Thursday 2 April 2009

My Back Pages.




This weekend, I will be leaving my current residence in Tooting for good and moving east across South London, to New Cross.

Although I’ve always liked the South East, and look forward to finding it a lot more lively and generally conducive to my way of thinking than my current suburbanised locale, one of the things I will miss most about life on the bottom end of the Northern Line is being able to walk across the common of an uneventful weekend afternoon to visit ‘My Back Pages’, opposite Balham station, one of my favourite bookshops in the city.

Now, I’m not the biggest Dylan fan in the world (I’m not the smallest either, but… that’s a subject for another blog), but I've got to admit, a bookshop named after one of his songs bodes well. It certainly suggests that, a) it’s unlikely to be some crusty, collector-centric antiquarian hang-out, and b) it’s liable to be an establishment with a certain amount of character, run by someone with at least a passing interest in the pointy end of 20th century culture. And indeed, this proves to be the case.

‘My Back Pages’ is about 75% second hand, with a fiction section stretching across several vast walls, divided (hell, why not?) by nation/continent with sections devoted to British, American, Irish, Russian, French, African, Hispanic, Asian etc. literature, each of them managing to largely avoid the tide of pastel-coloured middlebrow crap that has consumed most of London’s charity bookshops, instead offering a wide variety of books which, even if they’re not universally wonderful, are liable to be more than fifteen years old, of varied and interesting character, and, y’know, generally worth a look.

There are correspondingly big sections for history, politics, art, poetry, philosophy, media and, you know, all the other rubbish you may care to read about so as to gain knowledge and insight during your tenure on earth. They don’t have biggest crime or SF/fantasy sections you could hope for, but you can’t have everything, and there’s plenty of good stuff in that general vein scattered through ‘fiction’ anyway.

The ‘new books’ section of the shop is pretty good too, presumably reflecting the proprietor’s own tastes to some degree by mixing a selection of current bestsellers etc. with a heavy back catalogue of ‘cult’/beat authors, including some intriguing small press items, and some choice New Directions / City Lights paperbacks that I can only assume get taken down and dusted off every year or so before returning to the shelf and waiting for some random hipster dope like me to turn up and shell out for ‘em.
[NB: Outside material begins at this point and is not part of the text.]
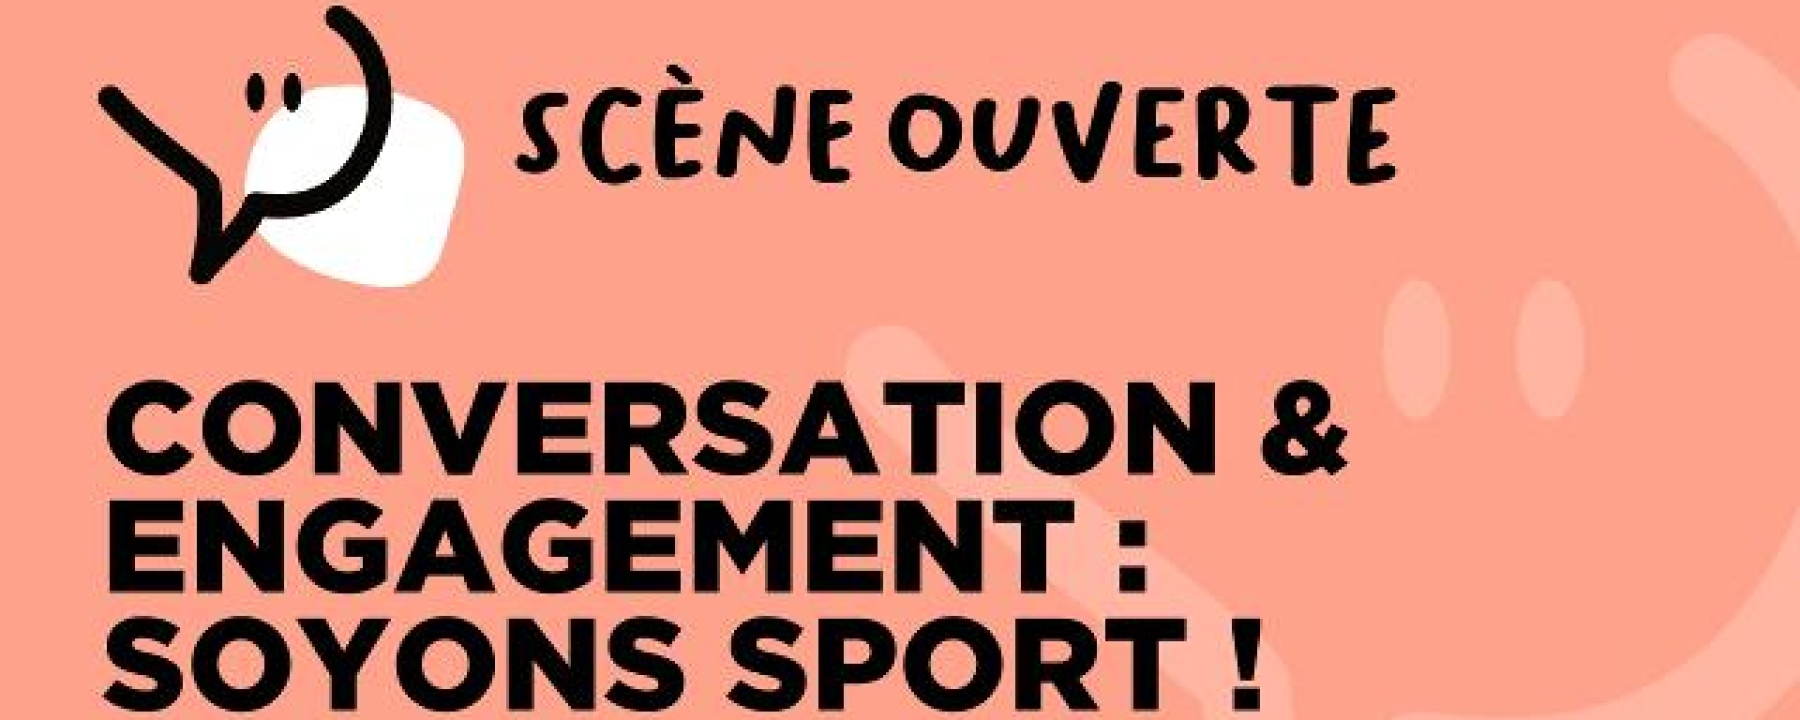 Conversation & engagement : soyons sport !

On my last visit, I believe I picked up a VHS copy of ‘Walkabout’ and a water-damaged book by Richard Hell off the bargains stall out front for 50p each, then headed inside to find ‘Over the Frontier’ by Stevie Smith, ‘Whitechapel, Scarlett Tracings’ by Iain Sinclair, Orwell’s ‘Down and Out in Paris and London’, ‘Nightmare Movies’ by Kim Newman (long OOP, and essential reading for horror fans), Richard Williams’ book about Phil Spector, the abridged version of Gibbon’s ‘Decline & Fall..’ and one or two weird-looking pulp sci-fis – total bill: £25, and the Newman book alone was £11.

The shop briefly closed down about eighteen months back, and when it reopened I remember speaking to the owner, who said they’d just about scraped together enough dough to stay in business, and were hoping to keep on making their rent on a month by month basis, or somesuch. That was before the recession hit.
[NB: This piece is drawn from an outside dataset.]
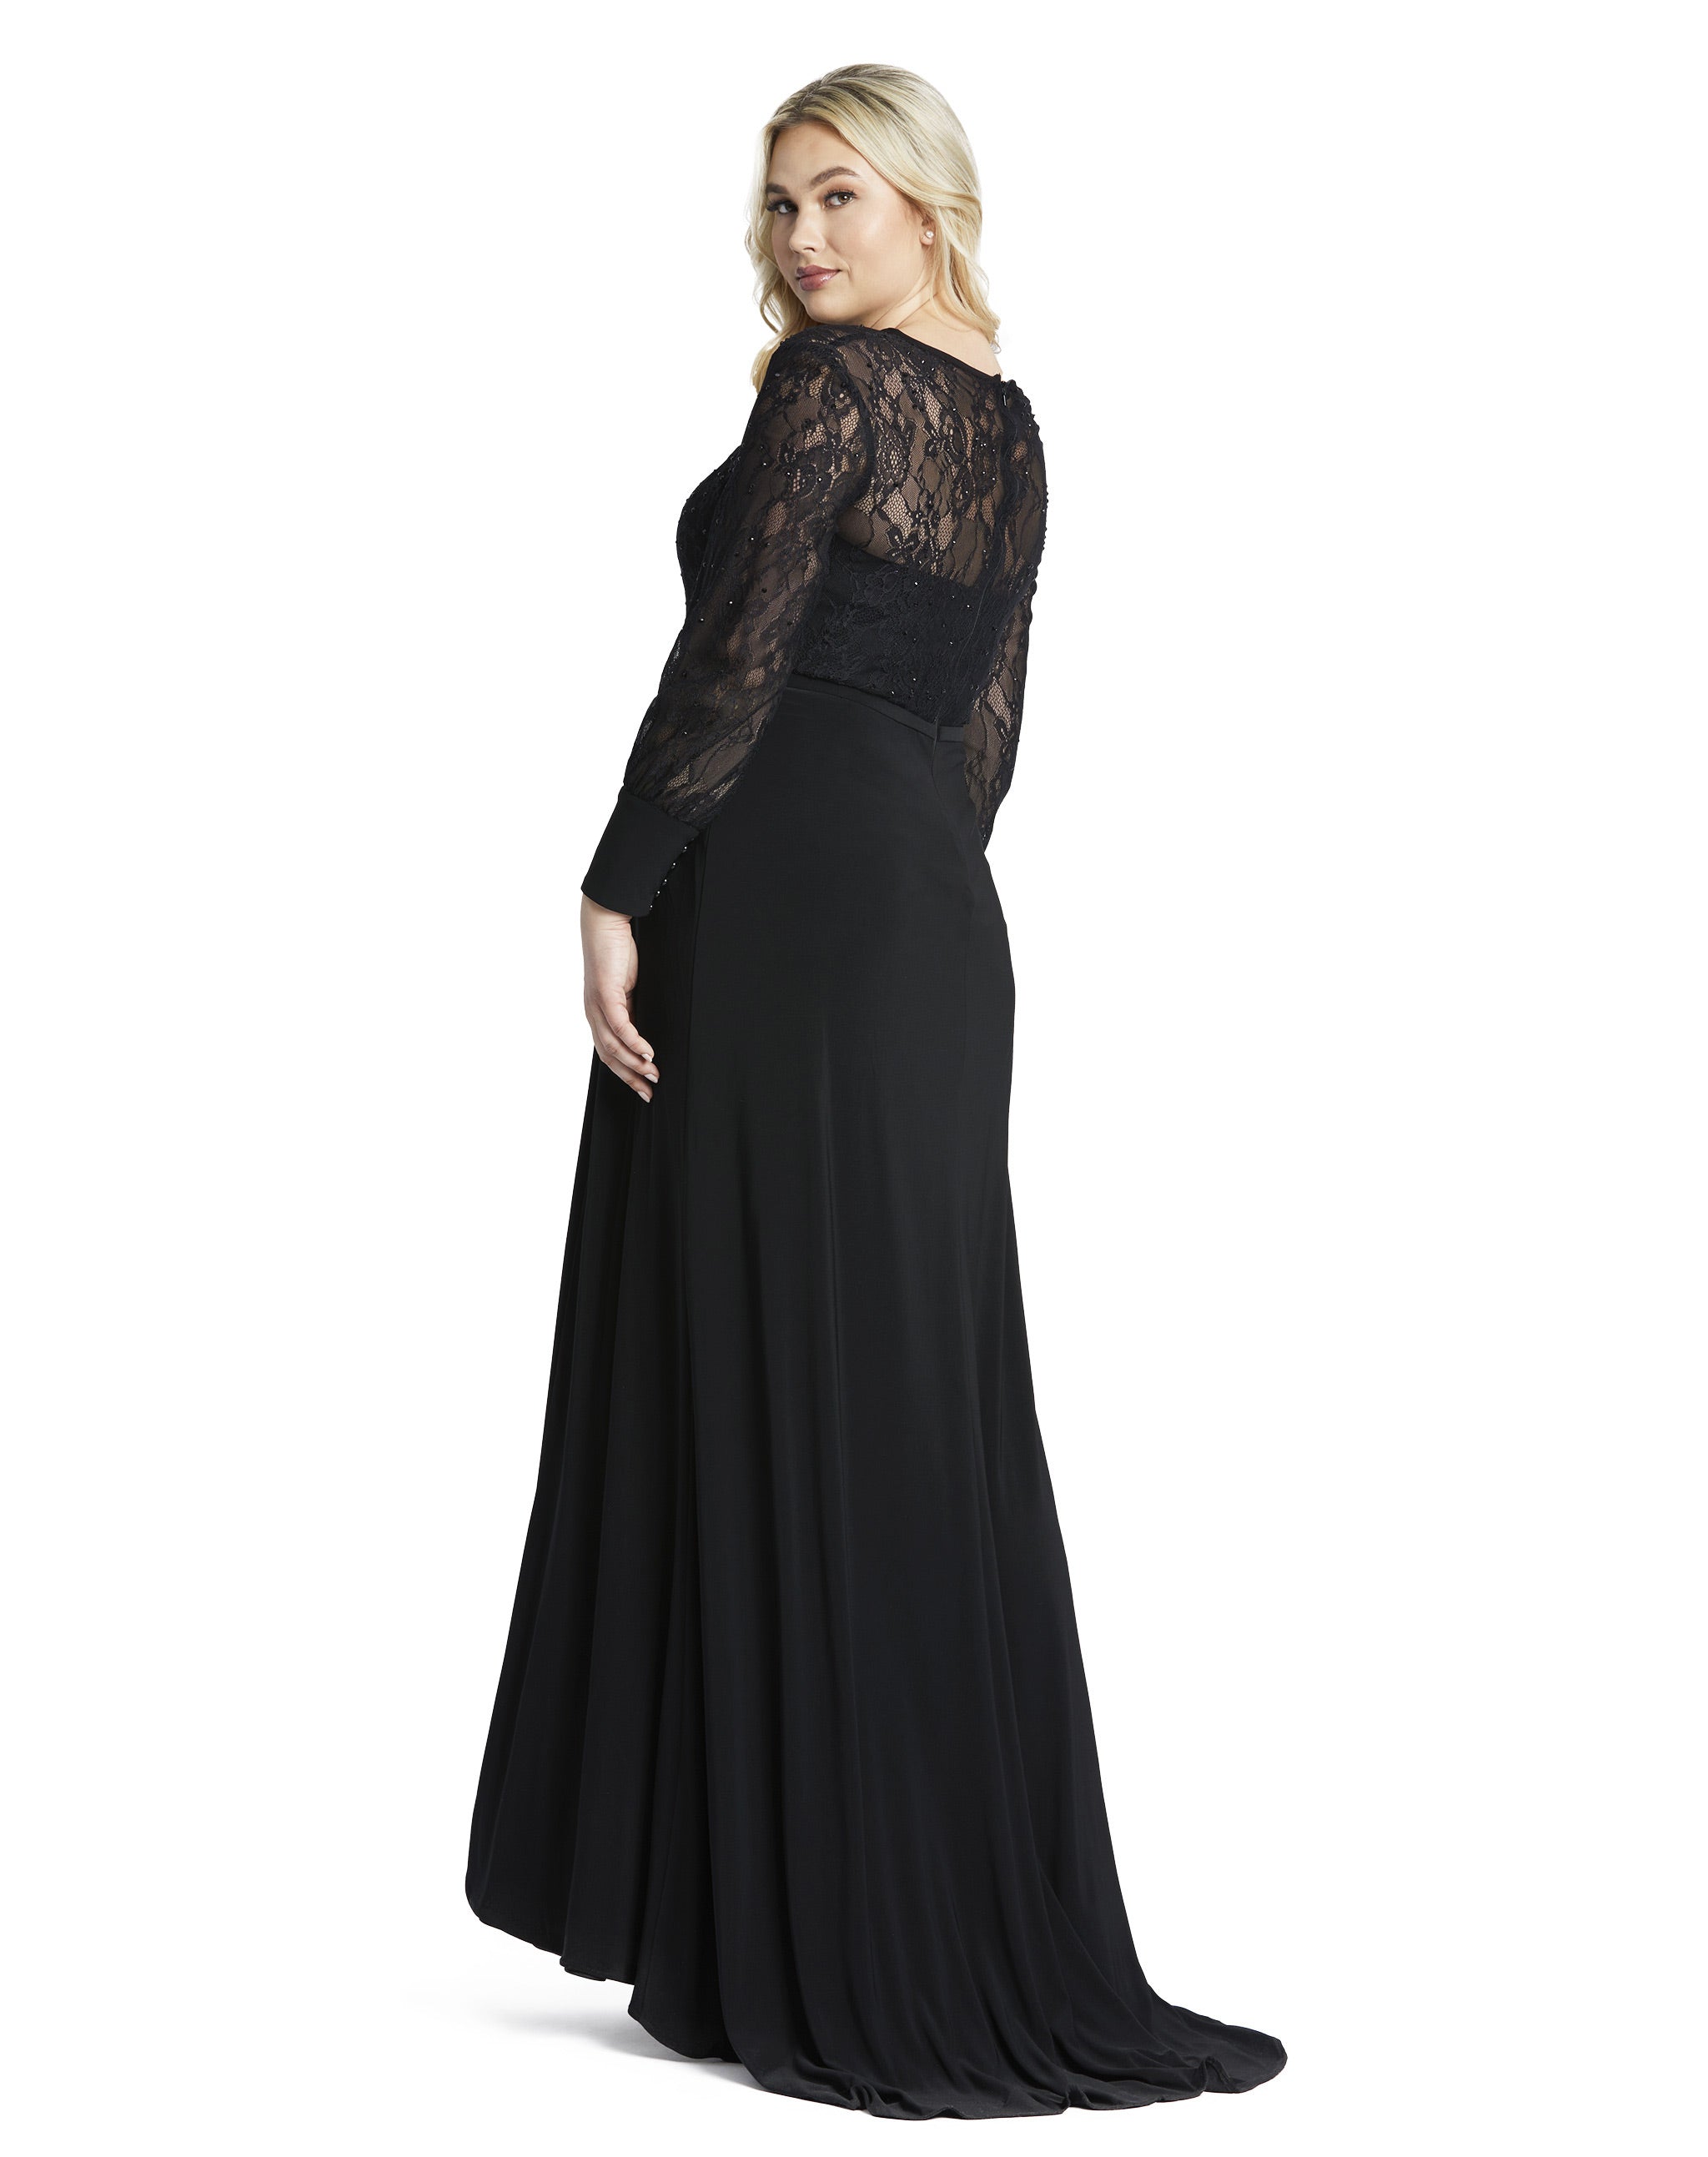 Sequin Lace Black Evening Gown

I realise Londoners who don’t live nearby may be hard-pressed to find any other reason to make the trip to Balham (you could, um, I dunno, walk across the common to Streatham Hill, and get the train to Battersea or Victoria? – it’s quite nice), but ‘My Back Pages’ is exactly the kind of shop I wish this city (or hell, this world) still had more of, and paying it a visit and throwing them some business could be well worth your while.